Creating a React Native App With a Ruby On Rails Backend (Part 1 of 3)

Written by Armaiz Adenwala

In this two-part tutorial we will build a simple note taking app, using a Ruby on Rails api and a React Native client. Completing it will allow you to practice the basic skills needed to develop real-world applications with React Native and Ruby on Rails.


Note: I will be using ruby 2.4.2 and Rails 5.0.7.2 for this project. You can check your Ruby versions by running ruby -v and rails -v.


Set up the Ruby on Rails API


To start, create a rails app by running rails new noteApi --api in your terminal. Once the command finishes, we can run cd noteApi to move into the api codebase.


Sqlite3 has a bug that can stop the server from running on a fresh Rails app. Thankfully, the fix is straightforward.


In Gemfile we need to replace gem 'sqlite3' with gem 'sqlite3', '~> 1.3.0'.

    
source 'https://rubygems.org'
​
...
  
gem 'rails', '~> 5.0.6'
gem 'sqlite3', '~> 1.3.0'
gem 'puma', '~> 3.0'
​
...
    
  

To install the new sqlite version, we need to run bundle install.


Now, run rails server -p 5000 in the terminal to run the Rails server on port 5000.


Create the Notes Model


The next step is to generate a Note model. The model will have one attribute called text which will contain the text content of the Note.


Run rails g model Note text:string to generate the model. This will tell Rails to create a model that has a string attribute called rails g model Note text:string. The command also creates a model in app/models/, a test under test/, and a database migration in db/migrate. ​


Implement the Database Migration


The generated database migration from the command above looks like this:

    
class CreateNotes < ActiveRecord::Migration[5.0]
  def change
    create_table :notes do |t|
      t.string :text
​
      t.timestamps
    end
  end
end
    
  

​This migration will generate a table called notes in our database via create_table:notes, with attributes text and timestamps. Timestamps are autogenerated by Rails and reference the created_at and updated_at attributes.


​To implement the migrations, run rails db:migrate. This will update our sqlite database with our new notes table.


​Create the Notes Controller


​We need to generate a controller to handle API requests by running rails g controller Notes. This command will create a controller under app/controllers/.

    
class NotesController < ApplicationController
    
  

As you can see, we will need to add some actions to the file so the controller can handle the API requests.

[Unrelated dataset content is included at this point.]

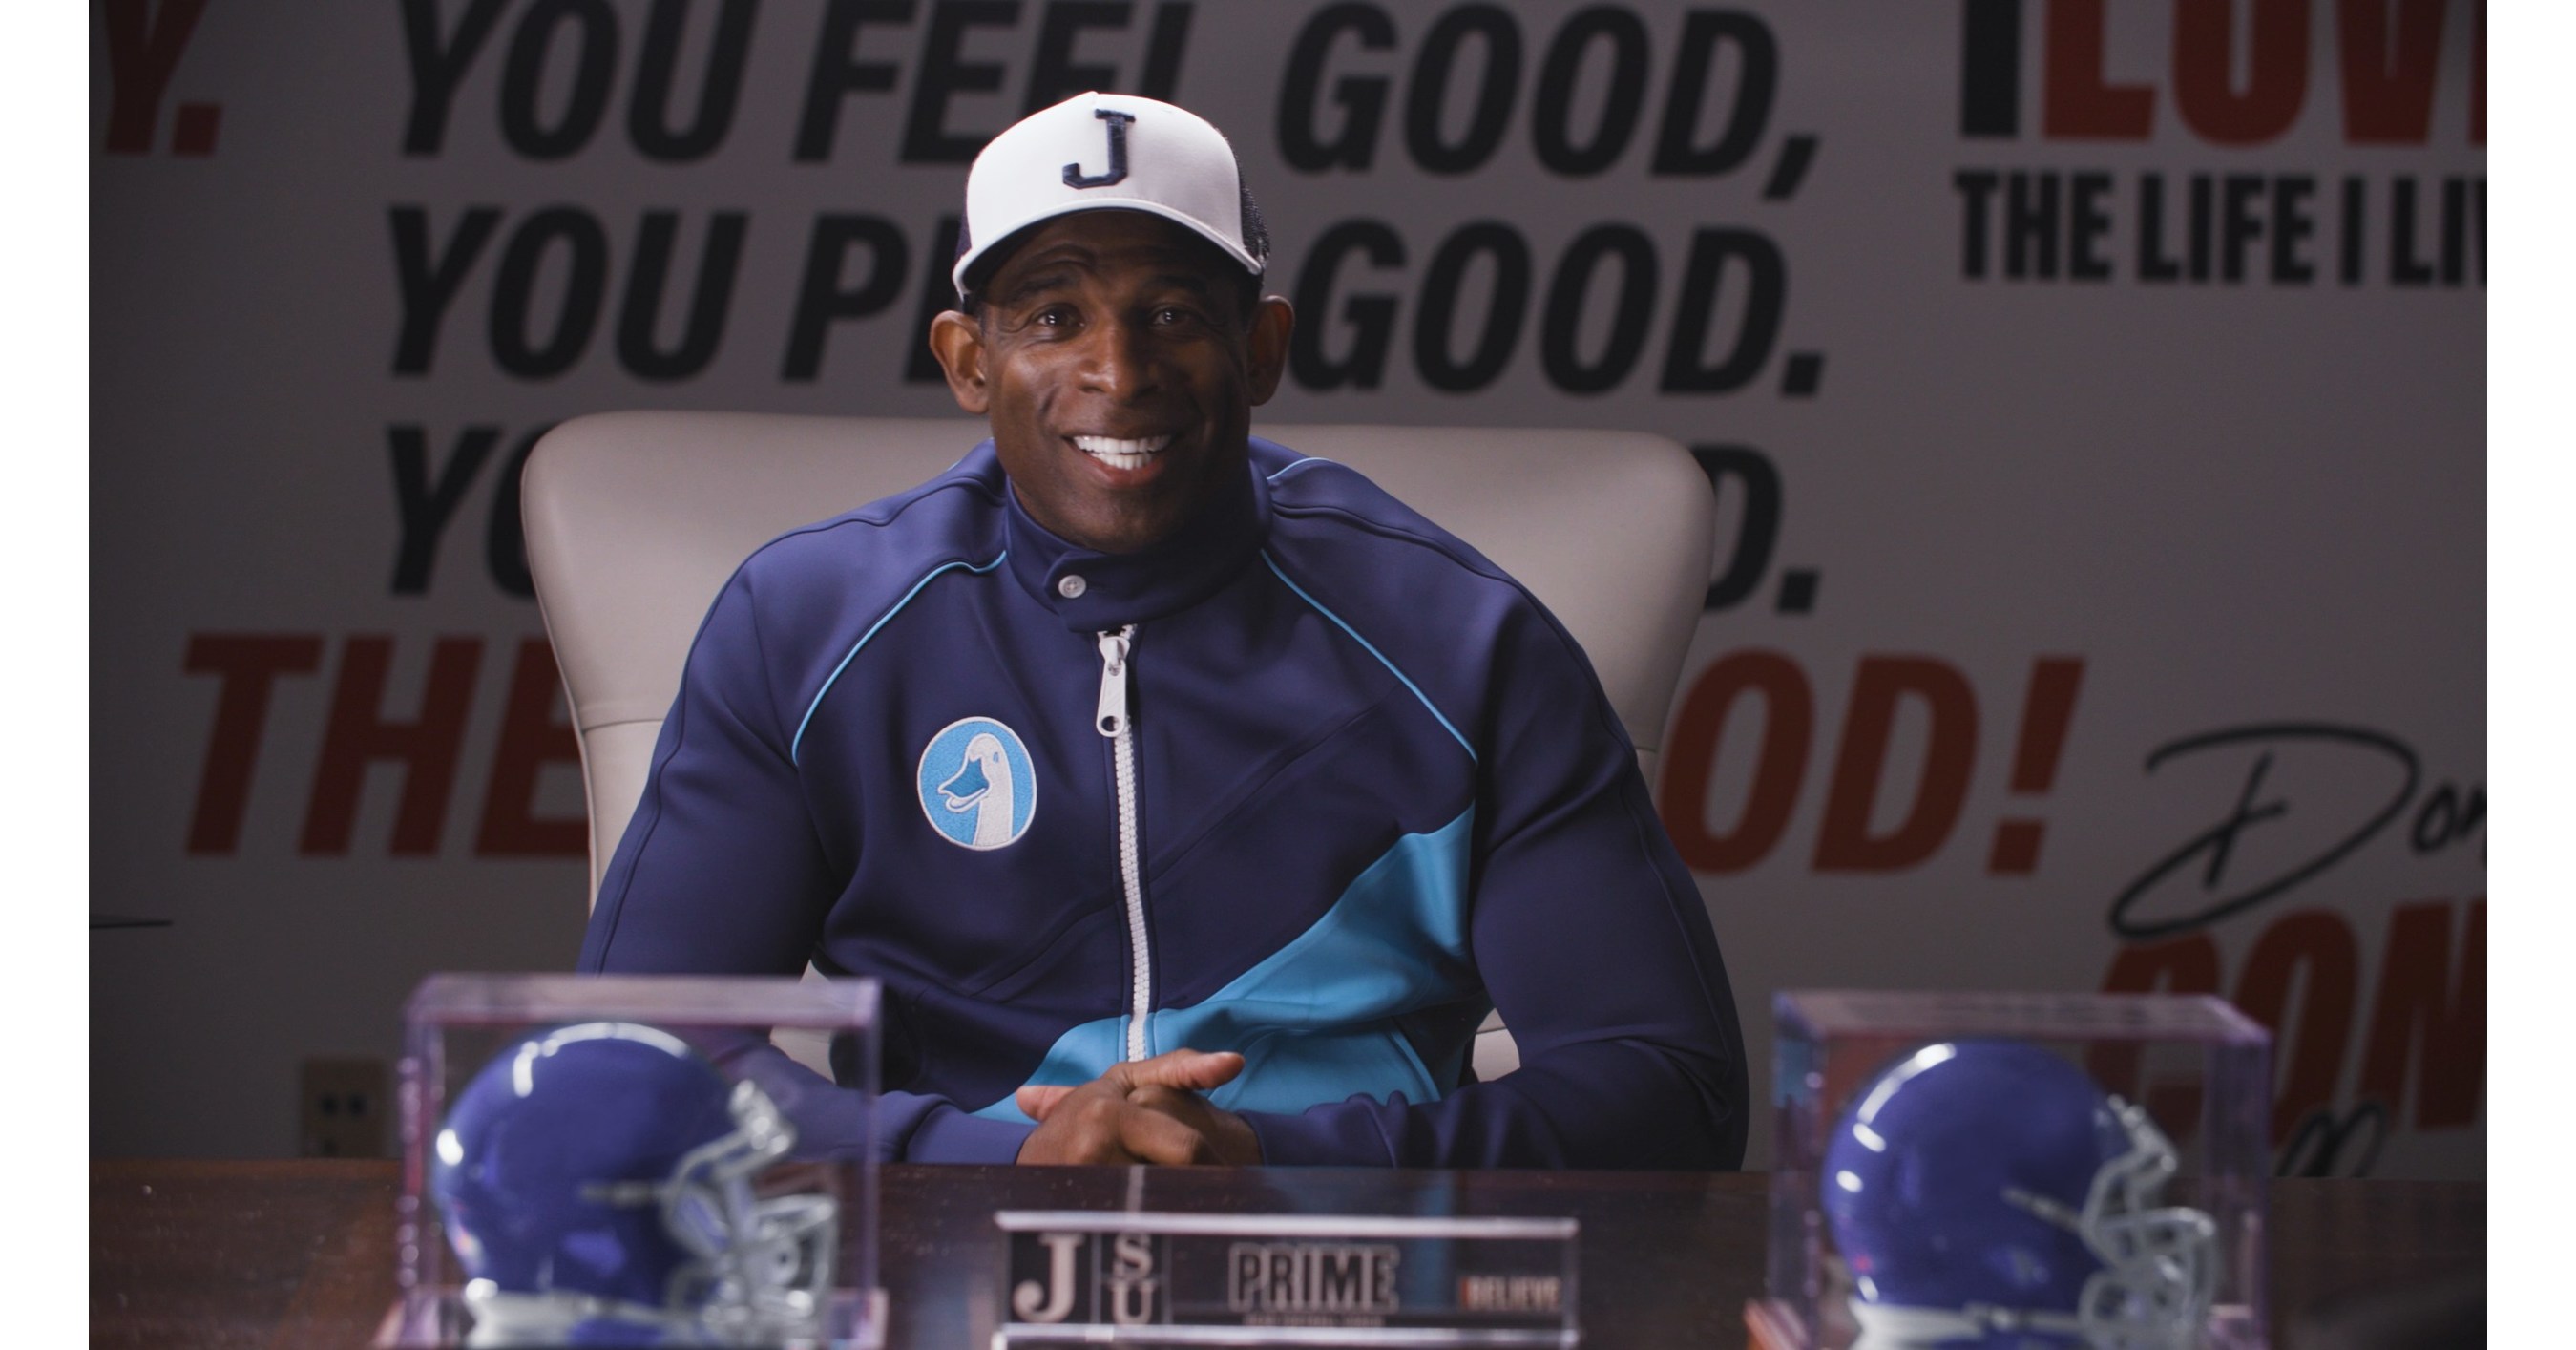 Deion Sanders featured in NFL Draft commercial - HBCU Gameday

Add Resource Notes to routes.rb


We can check if rails has routes pointing to this controller by running rails routes.

    
$ rails routes
You don't have any routes defined!
​
Please add some routes in config/routes.rb.
​
For more information about routes, see the Rails guide: http://guides.rubyonrails.org/routing.html.
    
  

There are no routes defined, so we need to add routes to our routes.rb file. Rails uses resource routing, which automatically creates routes for a controller. We can implement this by adding resources :notes to our routes.rb file.

    
Rails.application.routes.draw do
  resources :notes
end
    
  

Now, run rails routes

    
$ rails routes
Prefix Verb   URI Pattern          Controller#Action
notes GET    /notes(.:format)     notes#index
      POST   /notes(.:format)     notes#create
note  GET    /notes/:id(.:format) notes#show
      PATCH  /notes/:id(.:format) notes#update
      PUT    /notes/:id(.:format) notes#update
      DELETE /notes/:id(.:format) notes#destroy
    
  

Rails automatically created 6 routes. For this guide, however, we are only worried about creating a note and displaying all notes. These two actions map to two routes:

    
 notes GET    /notes(.:format)     notes#index
       POST   /notes(.:format)     notes#create
    
  

The GET call will automatically direct to notes#index and look for an action called index in the new controller we just created. Similarly, the POST call will automatically direct to notes#index and look for an action called create.


To restrict the resources :notes to only use the two routes mentioned above we need to add only: [:index, :create] to the end of the line. Our resulting config/routes.rb file will look like:

    
Rails.application.routes.draw do
  resources :notes, only: [:index, :create]
end
    
  

After running rails routes again, we can see the GET and POST endpoints were the only routes created.

    
$ rails routes
Prefix Verb URI Pattern      Controller#Action
 notes GET  /notes(.:format) notes#index
       POST /notes(.:format) notes#create

    
  

Implement Index and Create Endpoints


Add a def index action in the notes_controller.rb file.


    
class NotesController < ApplicationController
  def index
    notes = Note.all
    render json: notes, status: :ok
  end
end
    
  

The action pulls all notes from the database using notes = Note.all and returns it as json using render json: notes, status: :ok. We haven’t created any notes yet, so it will return an empty array: [].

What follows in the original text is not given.